2 ‘Strongly agree’ and ‘Somewhat agree’ responses combined
3 Almost one-fifth of respondents (17%) expect to increase investment by 51–75% while almost half expect increases of 21–50% (45%) and almost two-fifths expect increases of 5–20% (36%). Less than 1% plan above 75% increase, less than 1% plan no investment increase or sub-5% investment increase and less than 1% were unsure.
4 Respondents were asked to select the phase that most applies to their organisation:
16% of EMEA respondents are in phase 1 - building awareness of AI
26% of EMEA respondents are in phase 2 - preparing for AI
34% of EMEA respondents are in phase 3 - exploring AI use cases
16% of EMEA respondents are in phase 4 - maximising AI investment
7% of EMEA respondents are in phase 5 - driving customer value.

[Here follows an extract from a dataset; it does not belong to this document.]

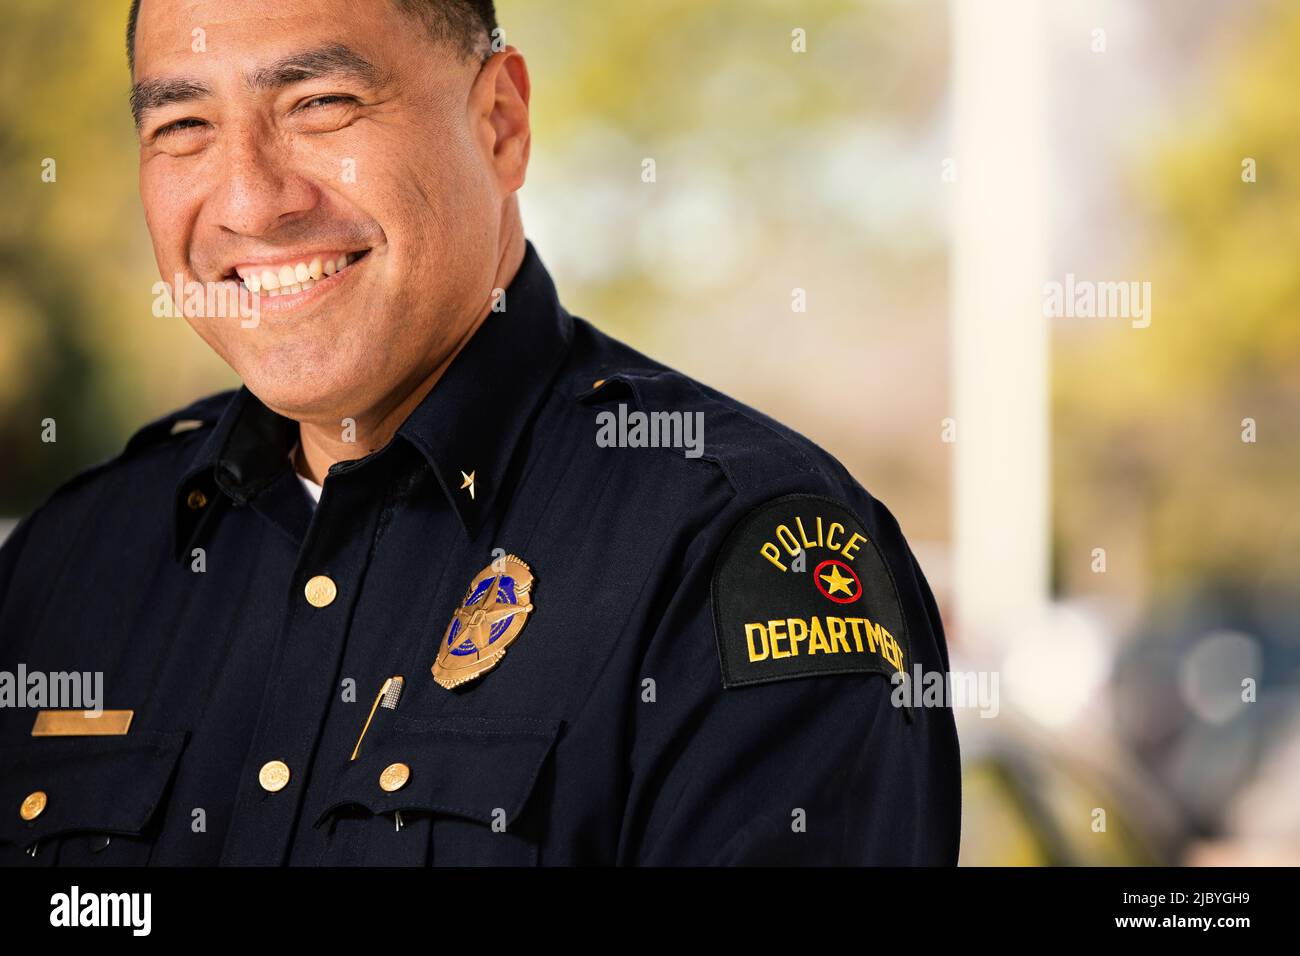 Retrato del oficial de policía parado afuera con los brazos cruzados mirando hacia la cámara sonriendo Foto de stock

When asked about the future, 21% of respondents answered that they hope to be driving customer value in five years’ time.
5 All ‘Yes’ answer options combined in response to the question ‘Do you believe your organisation is experiencing a 'shadow AI' problem - i.e., unauthorised use of AI tools by employees?’
6 ‘Very important’ and ‘Somewhat important’ responses combined
7 For the 98% of organizations who come up against barriers when adopting AI, when asked to select a top three the most common responses were: AI departments siloed from IT departments (30%), high costs of implementation and maintenance (29%), data privacy and security concerns (28%), integration challenges with existing systems (27%).